Sexton's second redetermination hearing occurred after the Acquiescence Ruling was issued, and her hearing complied with its requirements. Sexton had the opportunity to object to the agency's assertions of fraud, and to present evidence rebutting those allegations. In support of her claim, she presented her own evidence
that included testimony from her mother and a vocational expert. Also, a witness from the OIG testified at her hearing to explain why he believed Sexton's application contained fraudulent information, and the witness was cross-examined by Sexton's attorney. After considering Sexton's supporting evidence and objections, the ALJ ultimately excluded the evidence submitted from Dr. Huffnagle as fraudulent and denied her claim based on the remaining evidence in the record. Because she had the chance to rebut the OIG's assertion of fraud and to present evidence supporting her claim, Sexton has not demonstrated that the procedures employed at her hearing violated her due process rights.Id. at *4.

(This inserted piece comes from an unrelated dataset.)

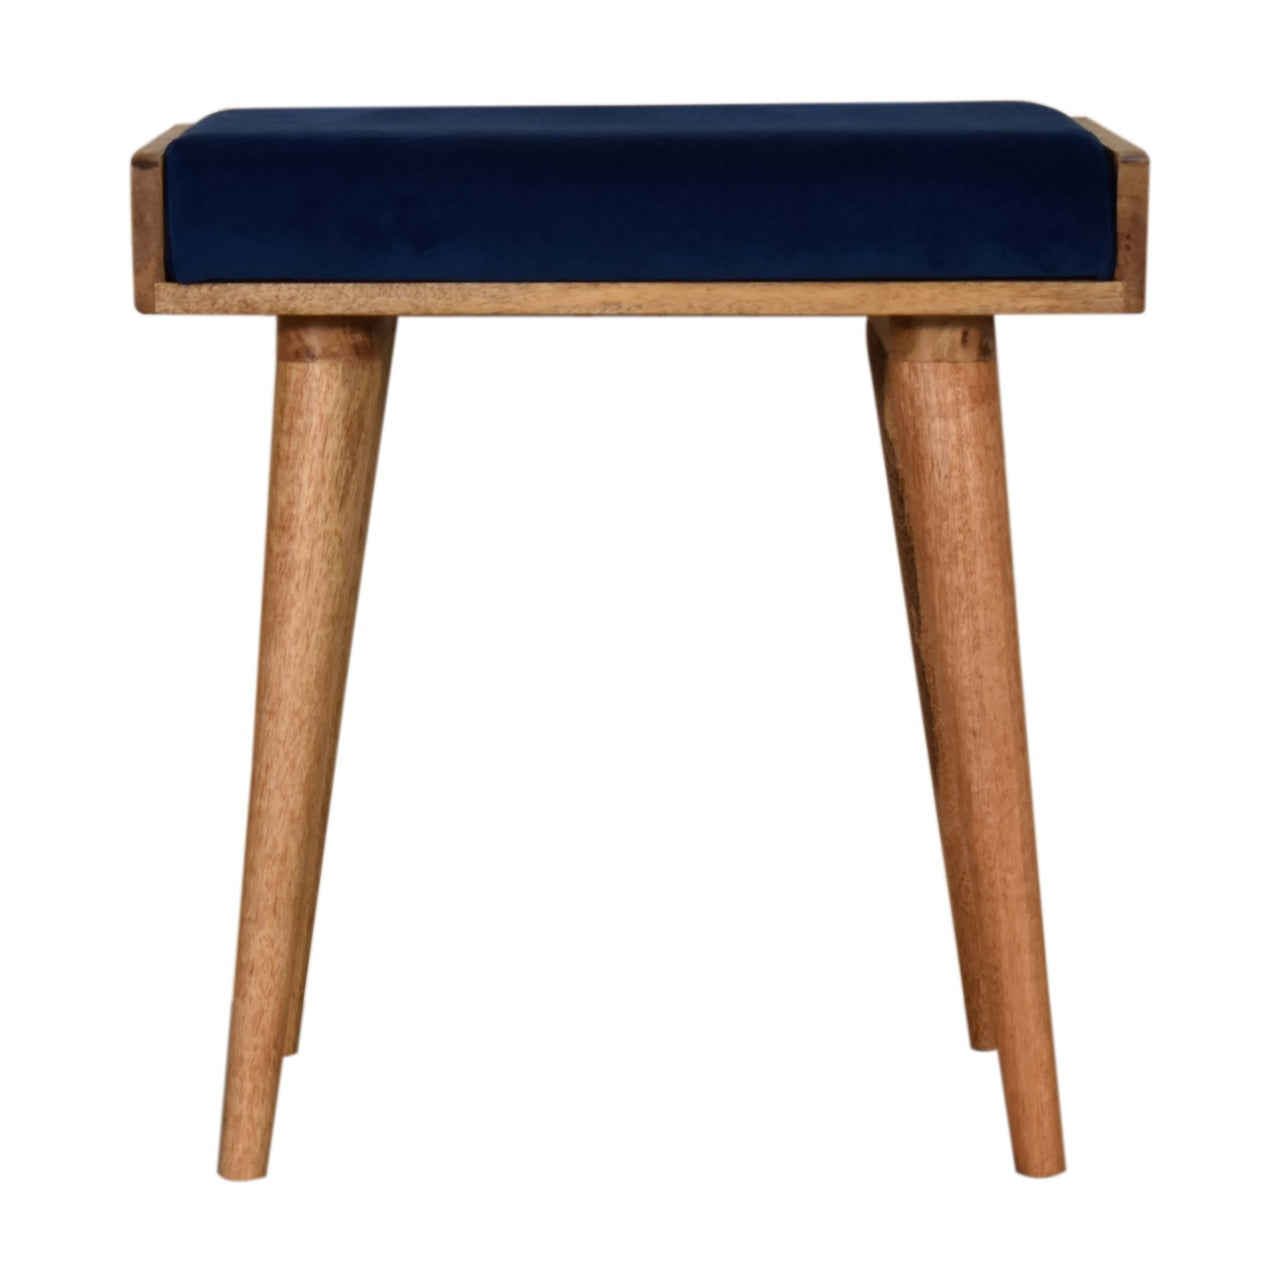 View Royal Blue Velvet Tray Style Footstool information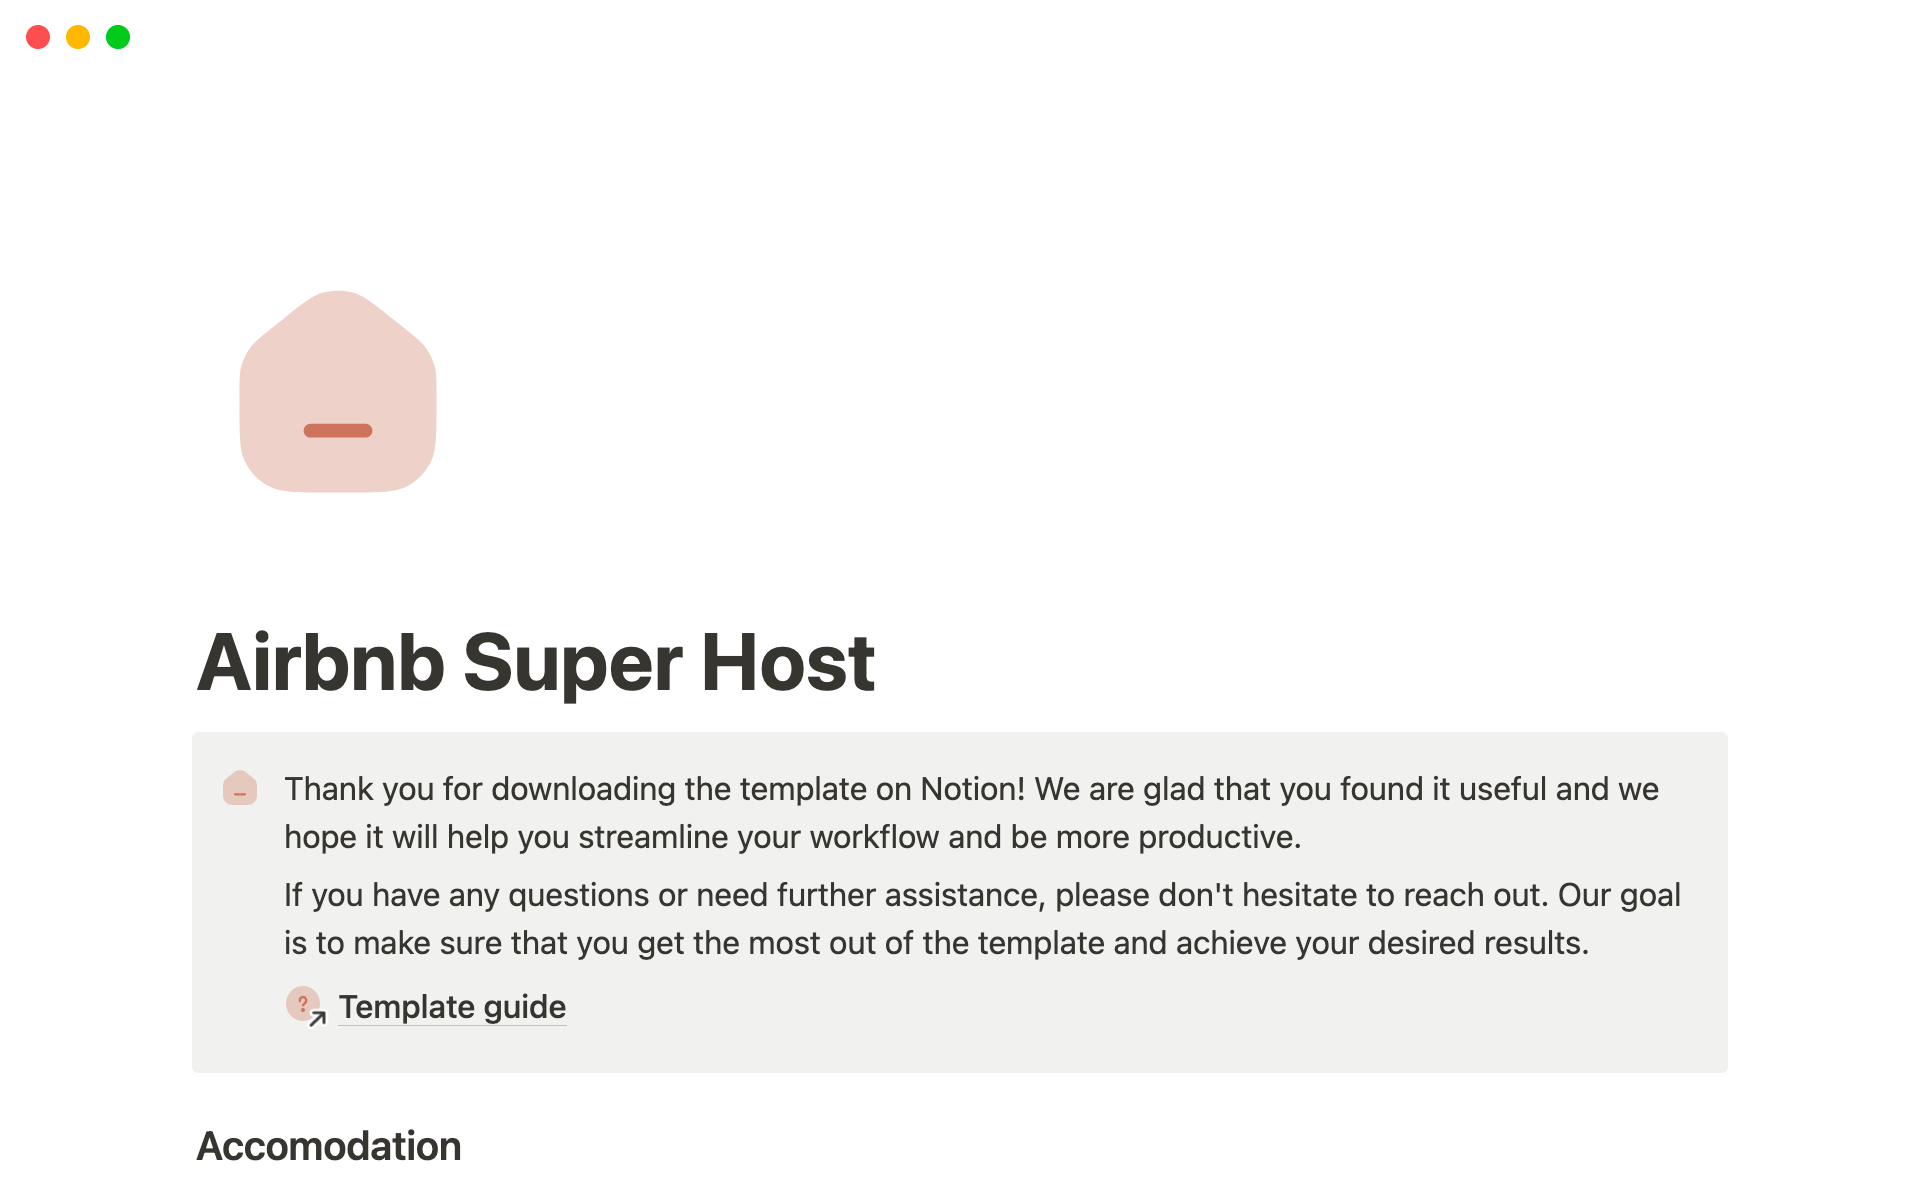 The Airbnb Superhost Template on Notion is a comprehensive tool designed to help hosts organize and streamline their Airbnb listings, communications, and guest information.

Halbert's 2023 redetermination hearing, see DE 16-1 at 34-69, provided all of these same safeguards. The purpose of the hearing was “to determine whether there is reason to believe fraud or similar fault was involved.” Id. at 36. Halbert was permitted to testify and provide her own evidence in the form of a vocational expert's testimony. See id. at 37. An OIG expert was present, testified in support of the fraud suspicion, and was cross-examined by Halbert's attorney. See Id. at 41-54. And the ALJ ultimately excluded evidence submitted from Dr. Huffnagle as fraudulent only after considering Halbert's supporting evidence and objections. See id. at 17-19 (2023 Redetermination Decision). In short, the hearing employed all of the procedural guardrails required under the Fifth Amendment, as elucidated by Hicks and Sexton.
Halbert further fails to explain what specific procedures she was denied at the hearing. In Sexton, the Court emphasized that “although Sexton may have been prejudiced by . . . delays, she did not show that she was entitled to any additional procedural protections under the Fifth Amendment, beyond what we recognized in Hicks.” Sexton, 2024 WL 1994918, at *4. Thus, because Sexton failed to “specif[y] which materials she lacks to establish her case . . . the district court did not err by finding she is not likely to succeed on the merits of her due process claim.” Id. The same is true here, and Halbert's due process claim is unlikely to succeed.
2. Statutory Violations
Halbert next puts forth three ways in which the SSA allegedly violated the Social Security Act and/or the Administrative Procedure Act (APA).The Court addresses each in turn.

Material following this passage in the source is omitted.